▶ ACTIVITY: Whatever lies between the line with "Ysabel Mora 19964" and the end of the data, both included, must be copied exactly and without pictures.

▶ SUPPLIED MATERIAL:
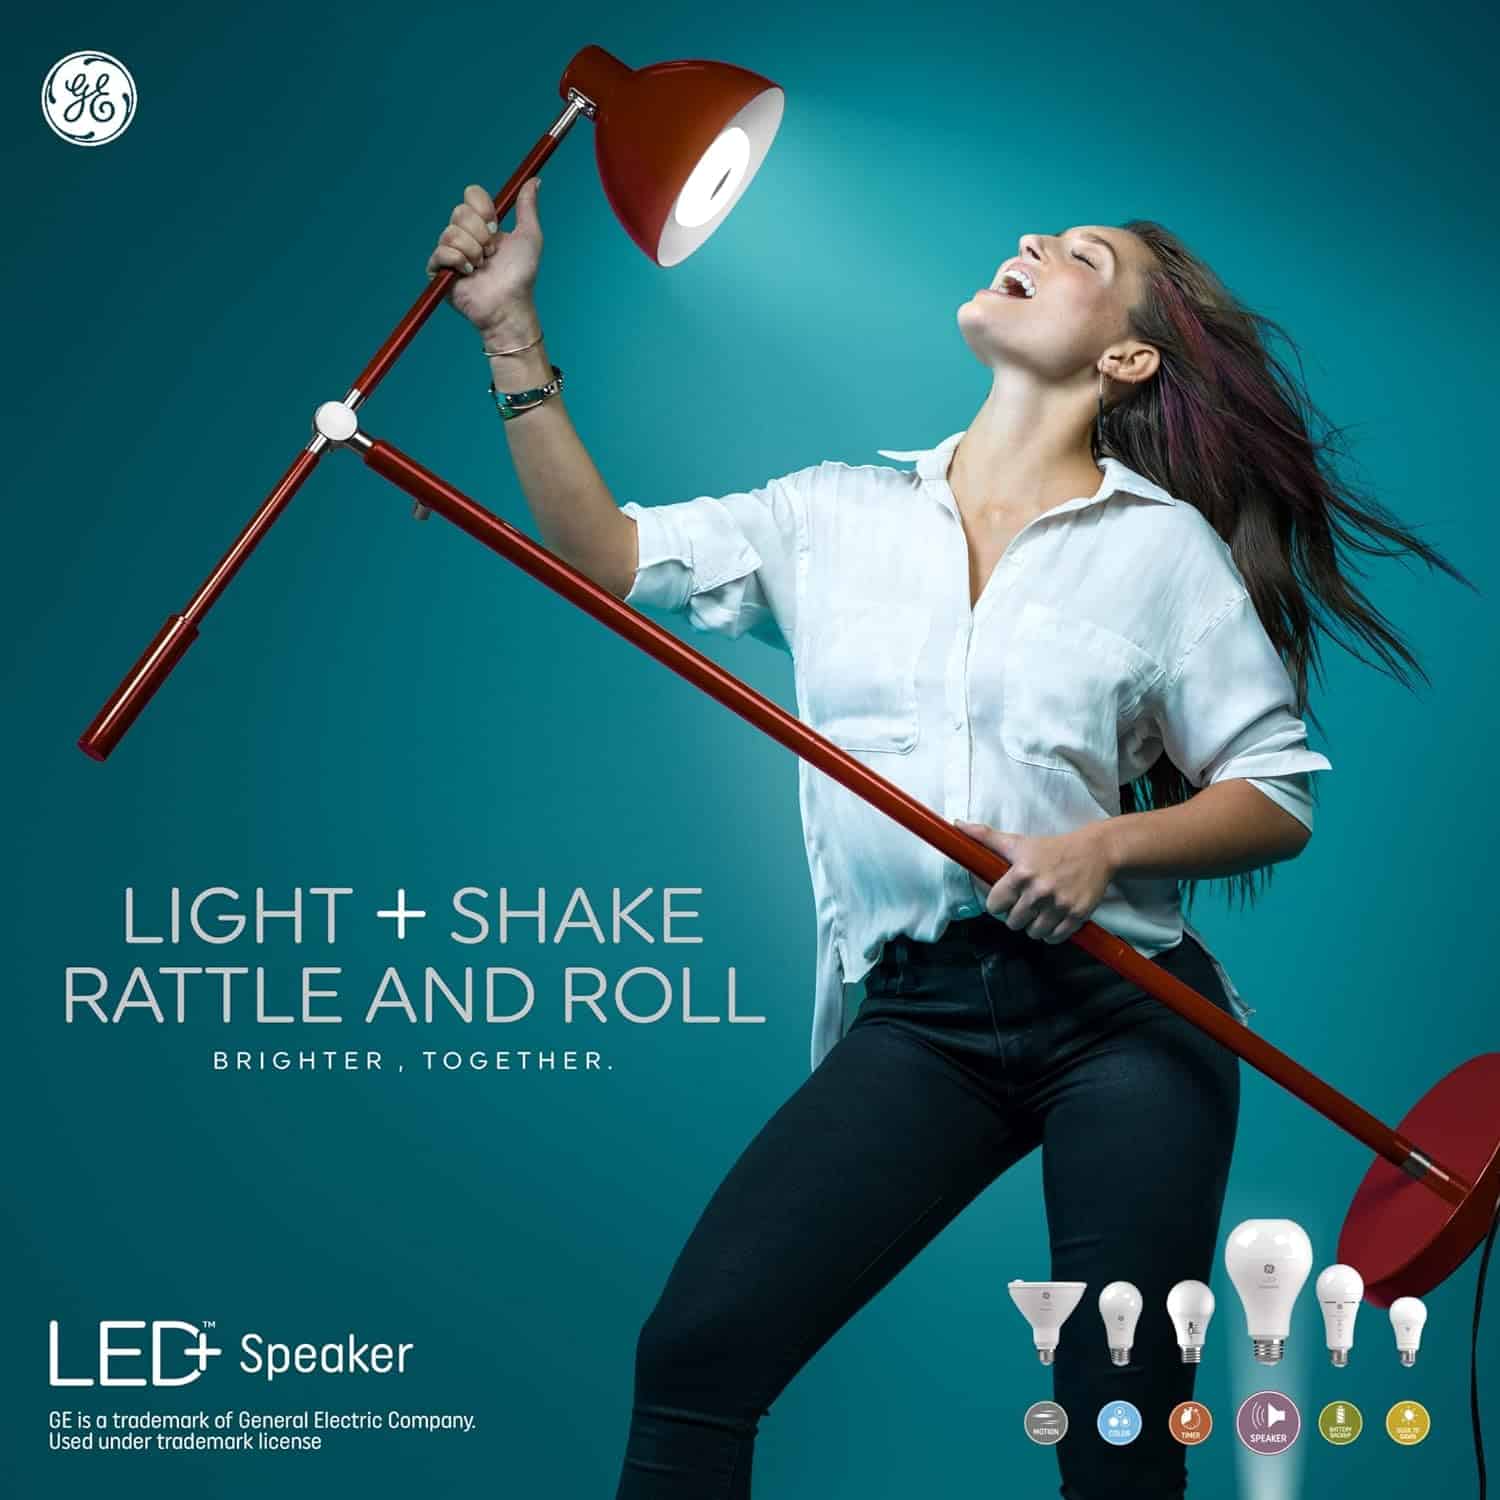 GE LED+ Color Changing Speaker LED Light Bulb with Remote, 14W, Multicolor + Warm White, PAR38 Outdoor Floodlight (1 Pack)
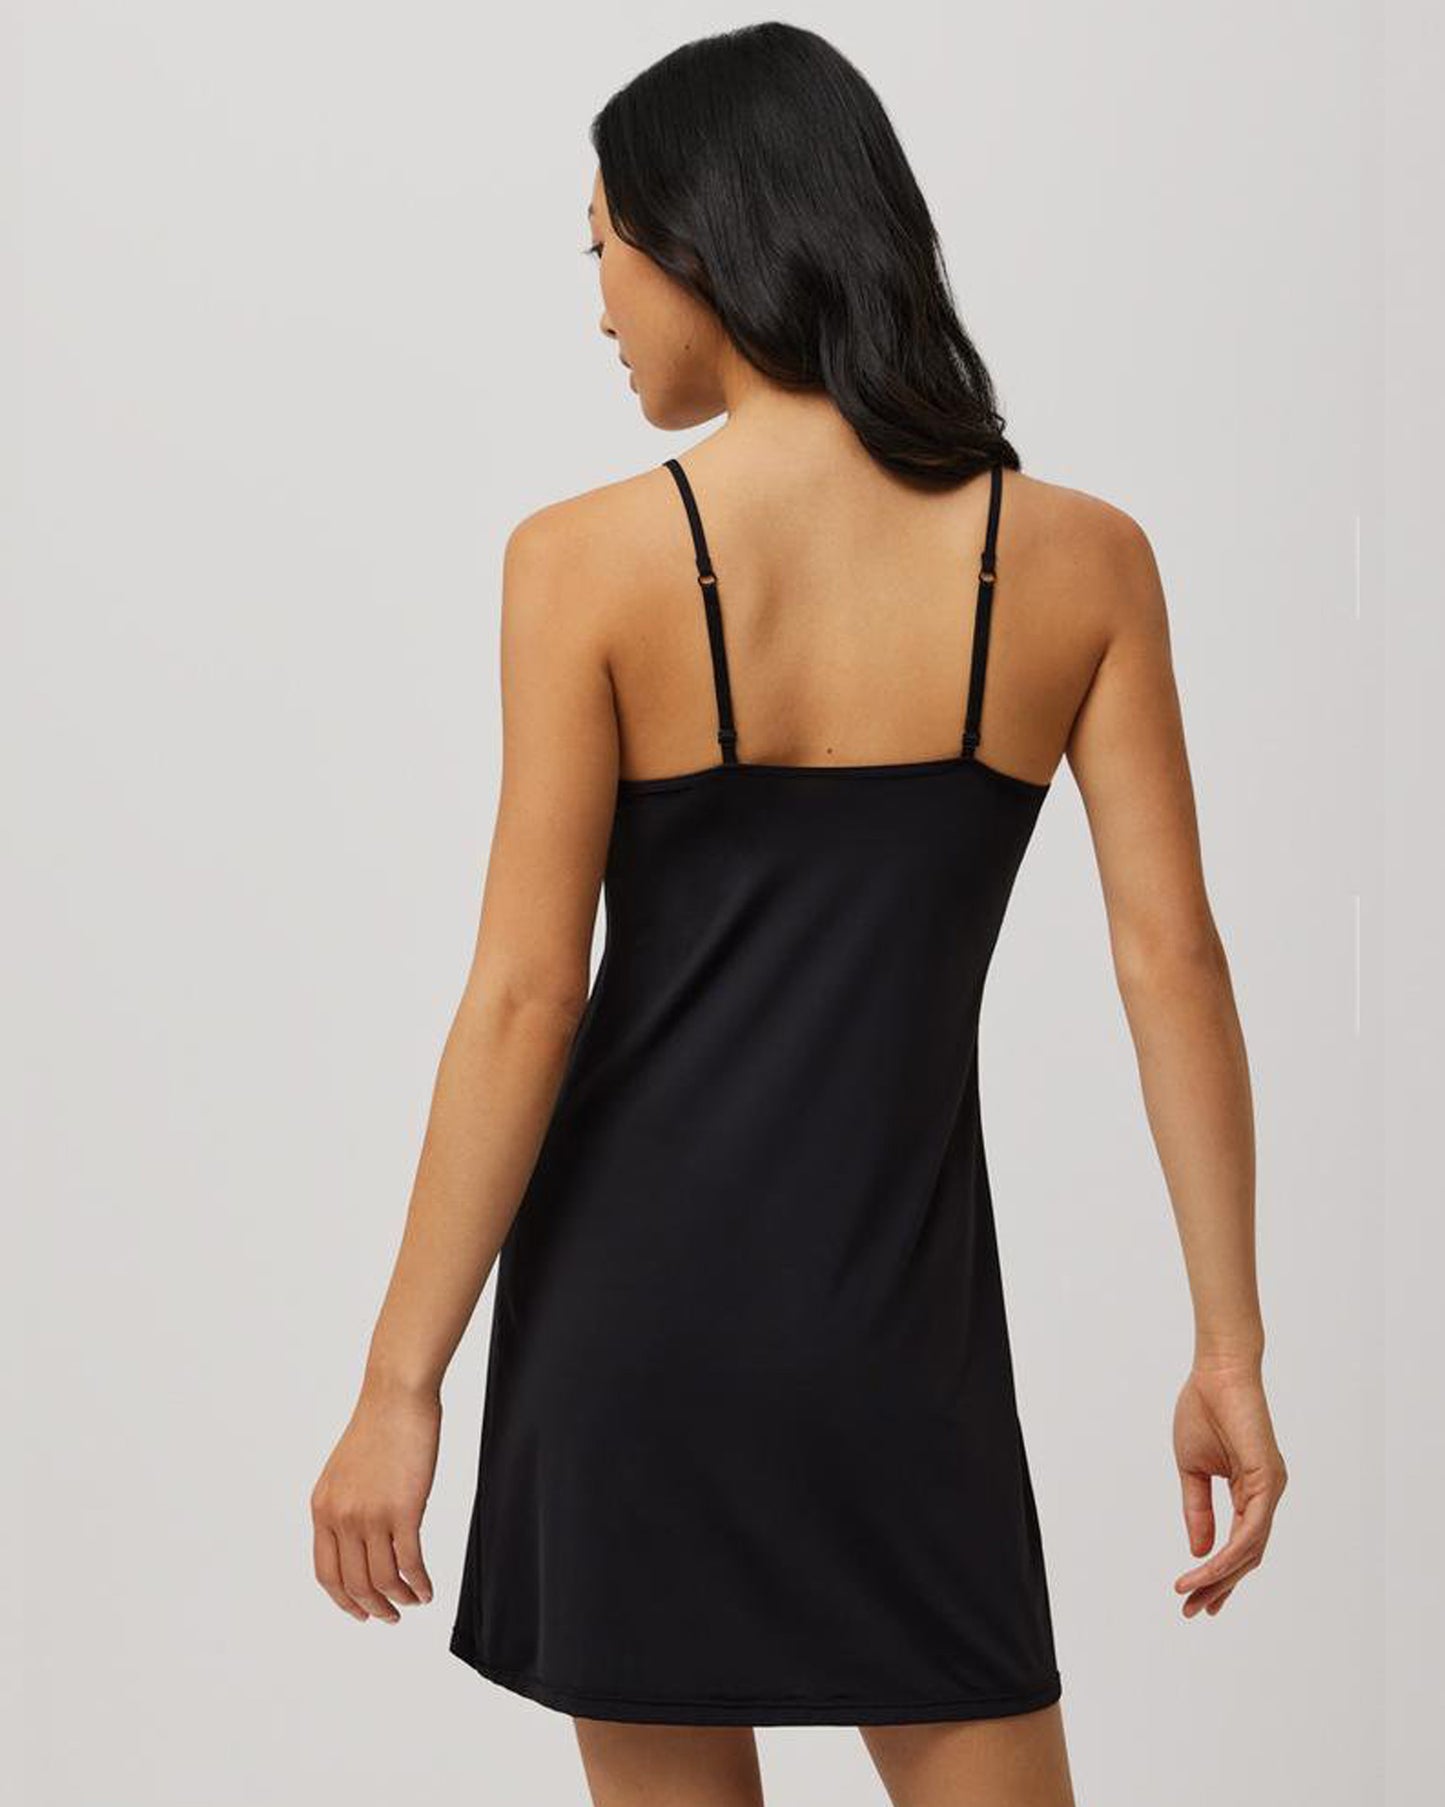 Ysabel Mora 19964 Slip Dress - Basic black v-neck slip dress made of light microfibre fabric with adjustable straps for better fit, comfort and support. A great base layer to wear under dresses.
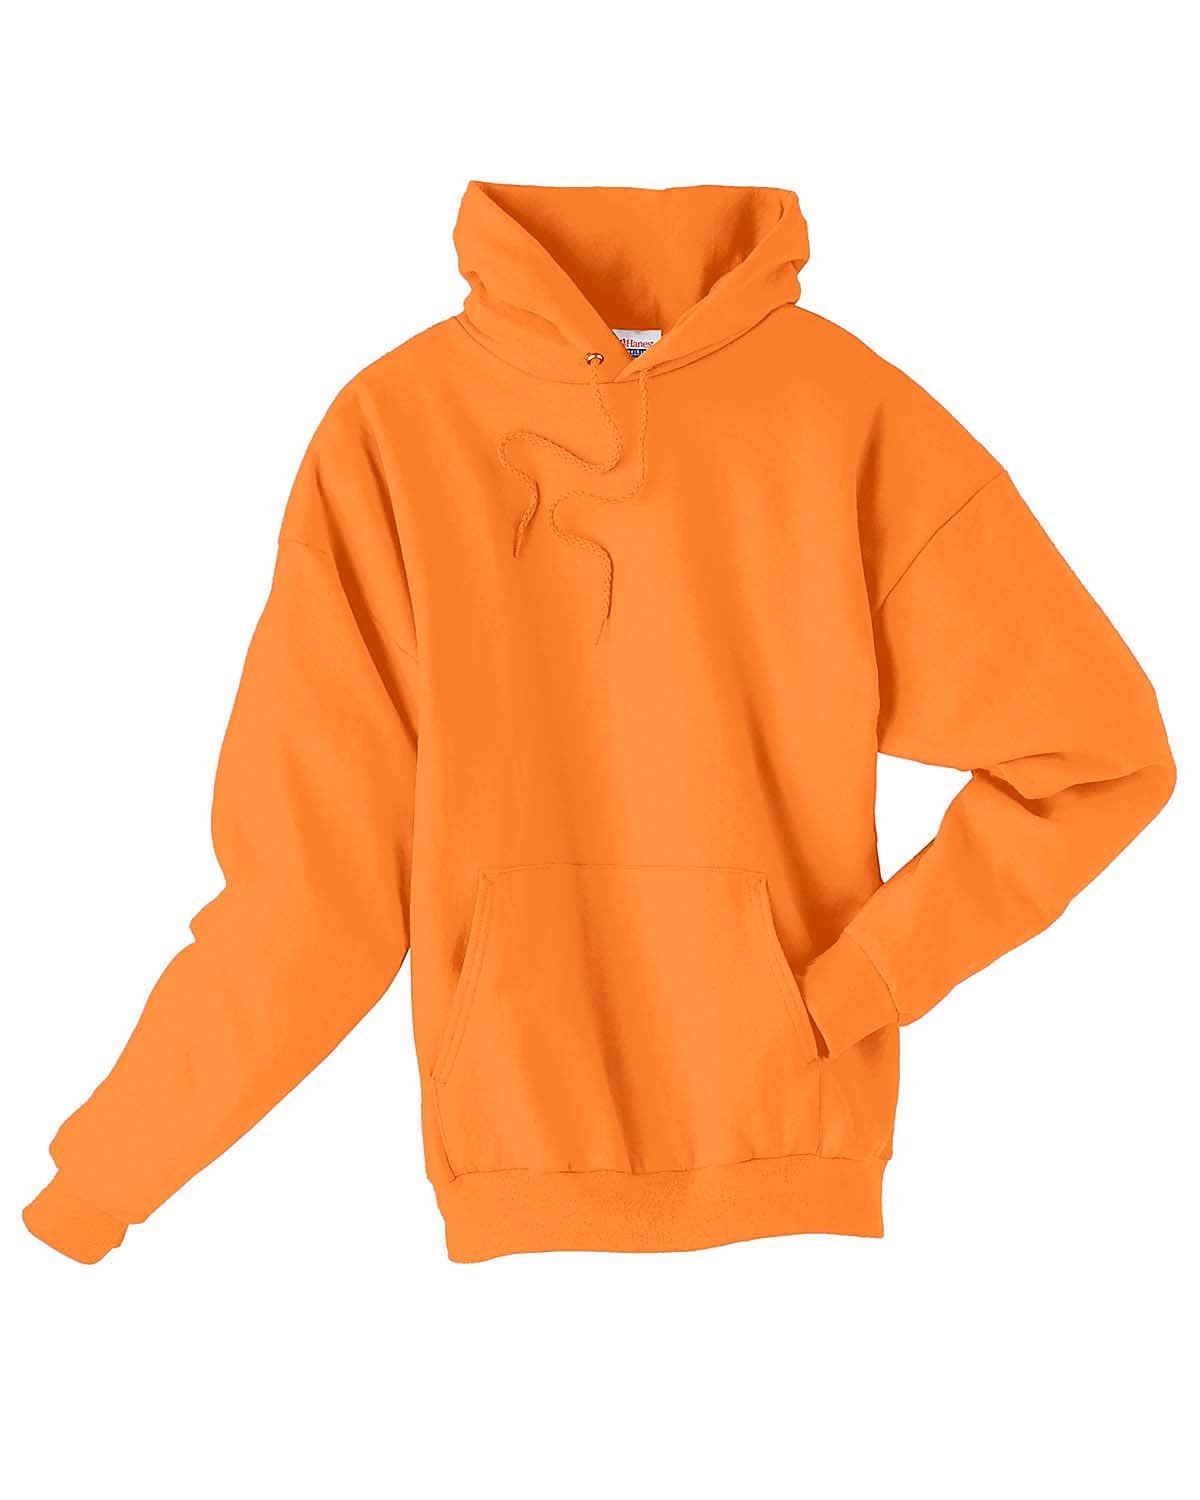 Hanes P170 Unisex Ecosmart 50/50 Pullover Hooded Sweatshirt – Shirts In Bulk

▶ SOLUTION:
 Ysabel Mora 19964 Slip Dress - Basic black v-neck slip dress made of light microfibre fabric with adjustable straps for better fit, comfort and support. A great base layer to wear under dresses.
 Hanes P170 Unisex Ecosmart 50/50 Pullover Hooded Sweatshirt – Shirts In Bulk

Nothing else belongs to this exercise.